__The task__.
Ignoring the pictures, copy the data exactly.

__Collected material__.
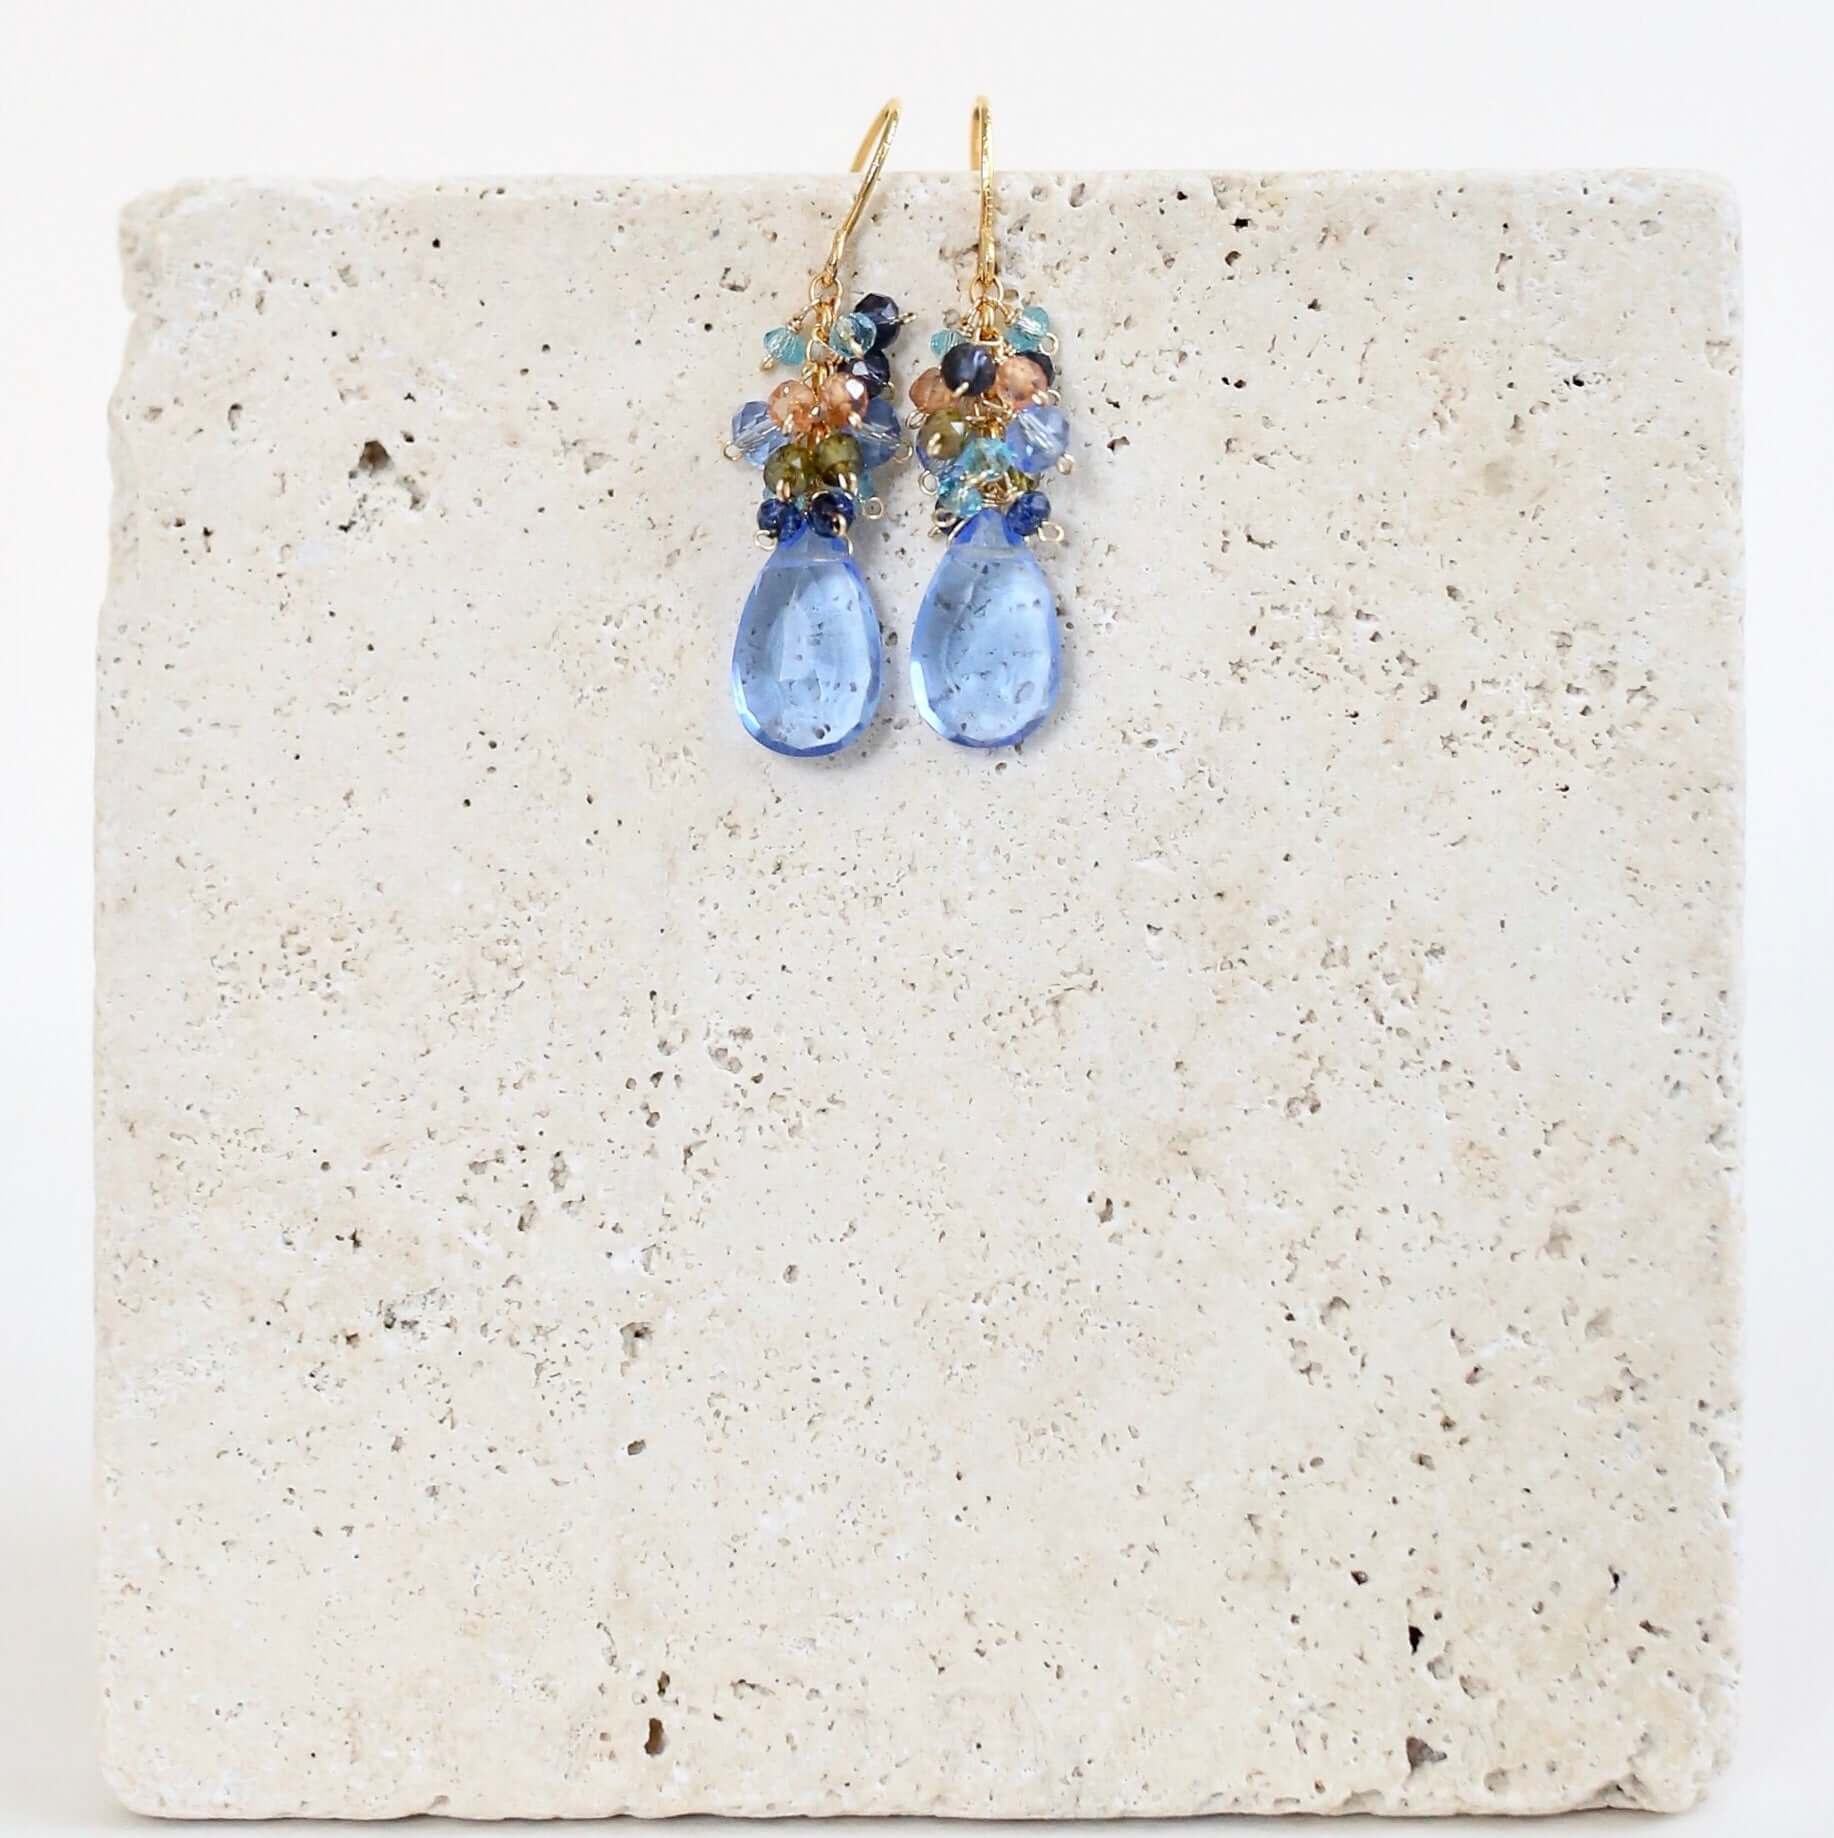 Gold drop earrings made with sky blue quartz topped with a blue cluster of gems
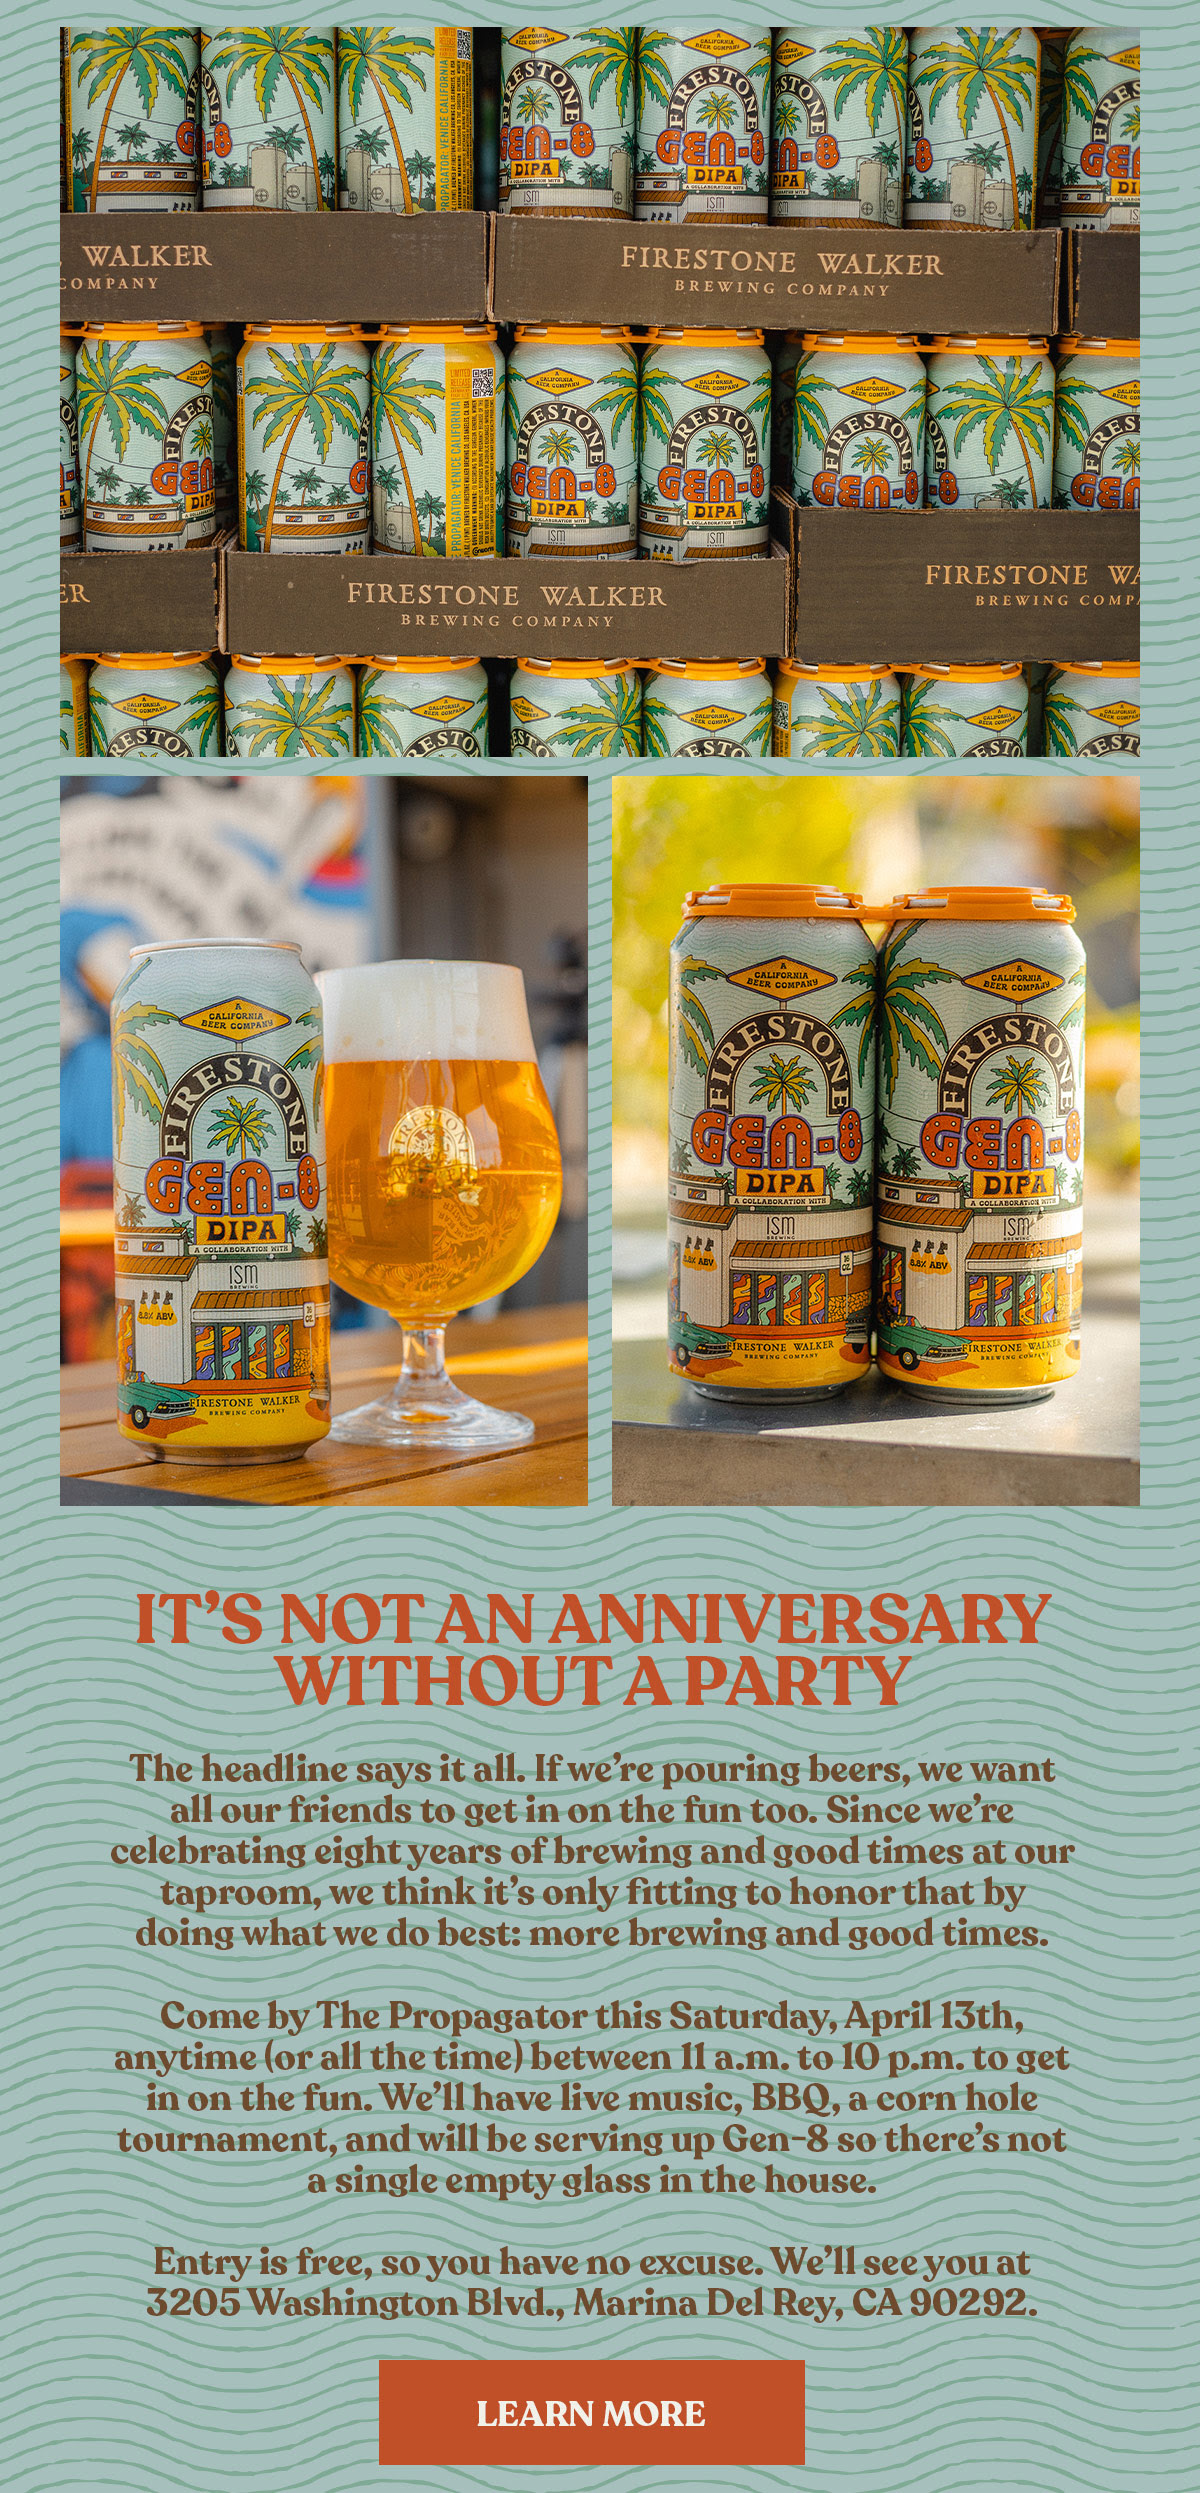 Image shows multiple images of our latest Propagator release, GEN-8. The text reads, “The headline says it all. If we’re pouring beers, we want all our friends to get in on the fun too. Since we’re celebrating eight years of brewing and good times at our taproom, we think it’s only fitting to honor that by doing what we do best: more brewing and good times. Come by The Propagator this Saturday, April 13th, anytime (or all the time) between 11 a.m. to 10 p.m. to get in on the fun. We’ll have live music, BBQ, a corn hole tournament, and will be serving up Gen-8 so there’s not a single empty glass in the house. Entry is free, so you have no excuse. We’ll see you at 3205 Washington Blvd., Marina Del Rey, CA 90292 ” Click here to get the details.
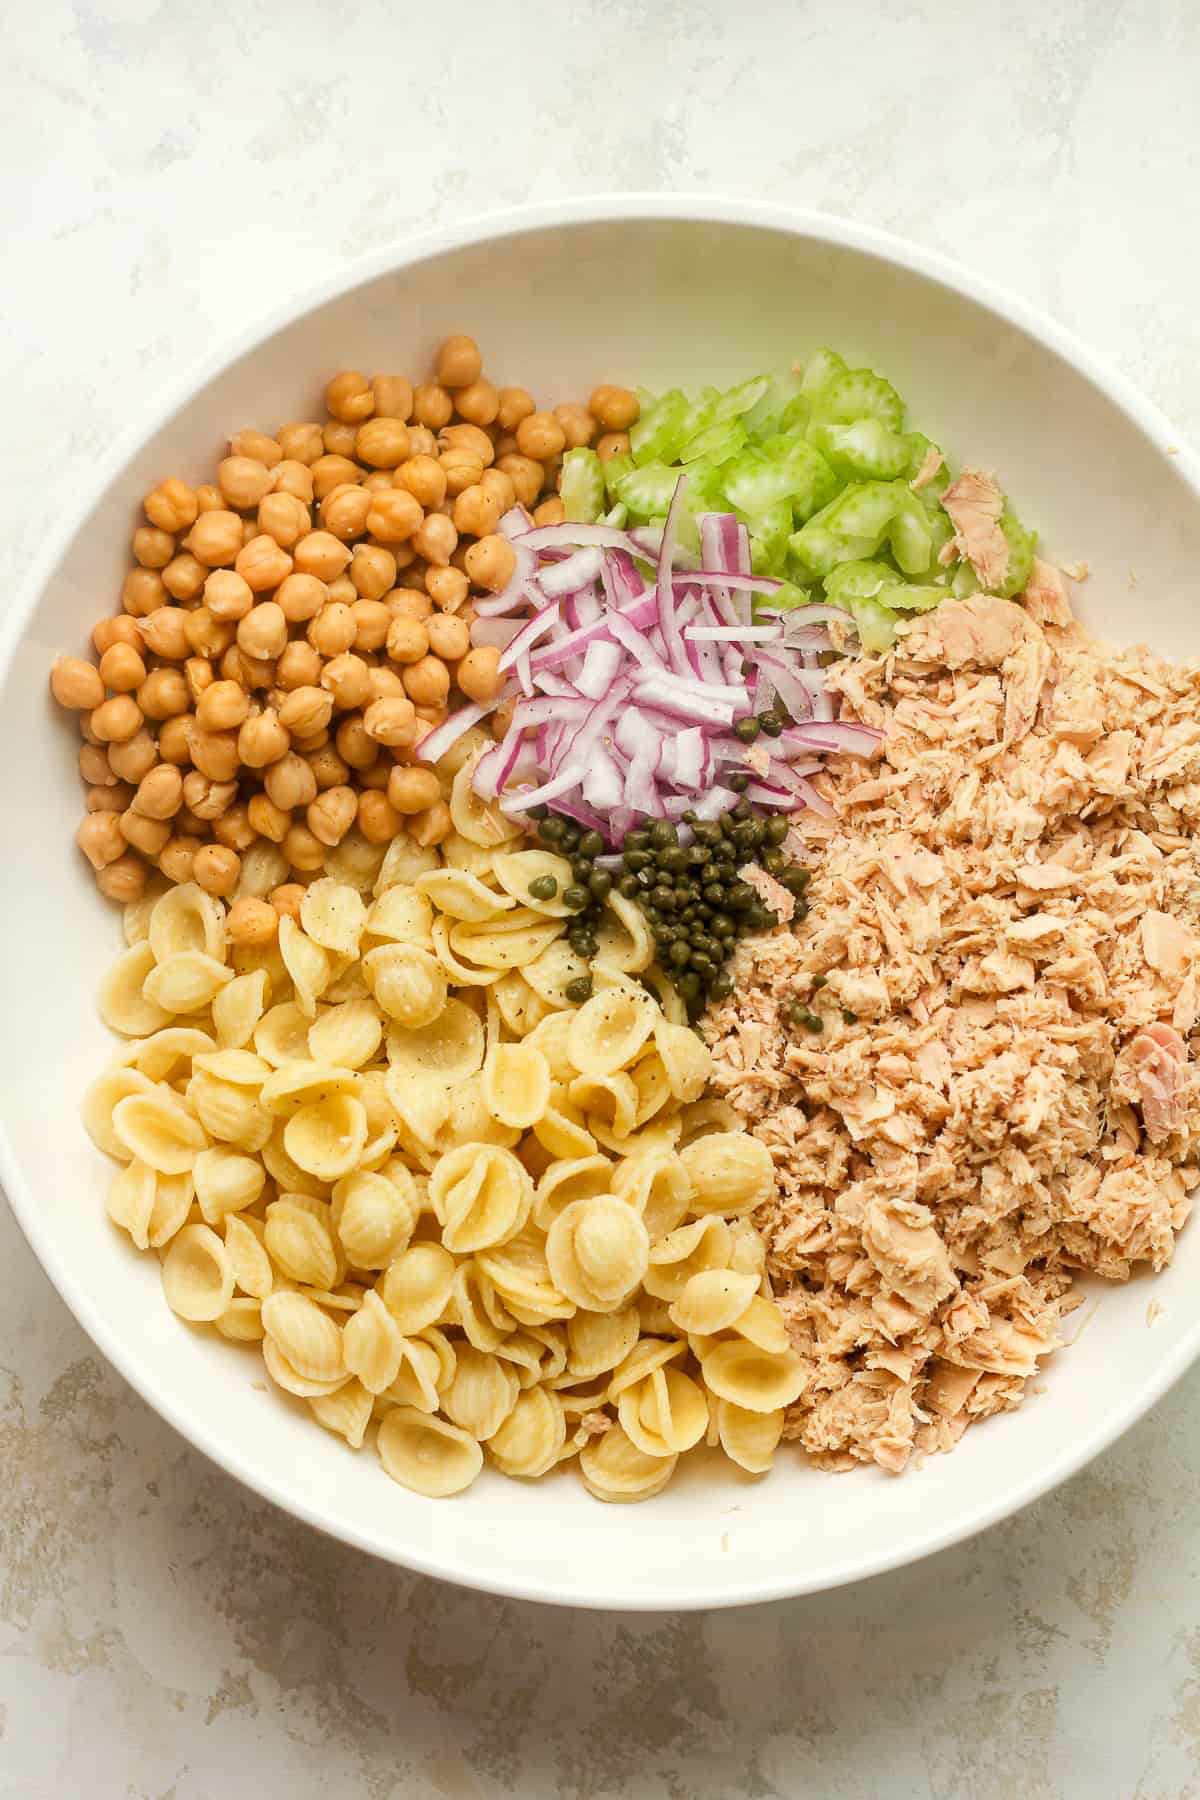 A large bowl of the pasta salad ingredients separated by ingredient.

__Response__.
 Gold drop earrings made with sky blue quartz topped with a blue cluster of gems
 Image shows multiple images of our latest Propagator release, GEN-8. The text reads, “The headline says it all. If we’re pouring beers, we want all our friends to get in on the fun too. Since we’re celebrating eight years of brewing and good times at our taproom, we think it’s only fitting to honor that by doing what we do best: more brewing and good times. Come by The Propagator this Saturday, April 13th, anytime (or all the time) between 11 a.m. to 10 p.m. to get in on the fun. We’ll have live music, BBQ, a corn hole tournament, and will be serving up Gen-8 so there’s not a single empty glass in the house. Entry is free, so you have no excuse. We’ll see you at 3205 Washington Blvd., Marina Del Rey, CA 90292 ” Click here to get the details.
 A large bowl of the pasta salad ingredients separated by ingredient.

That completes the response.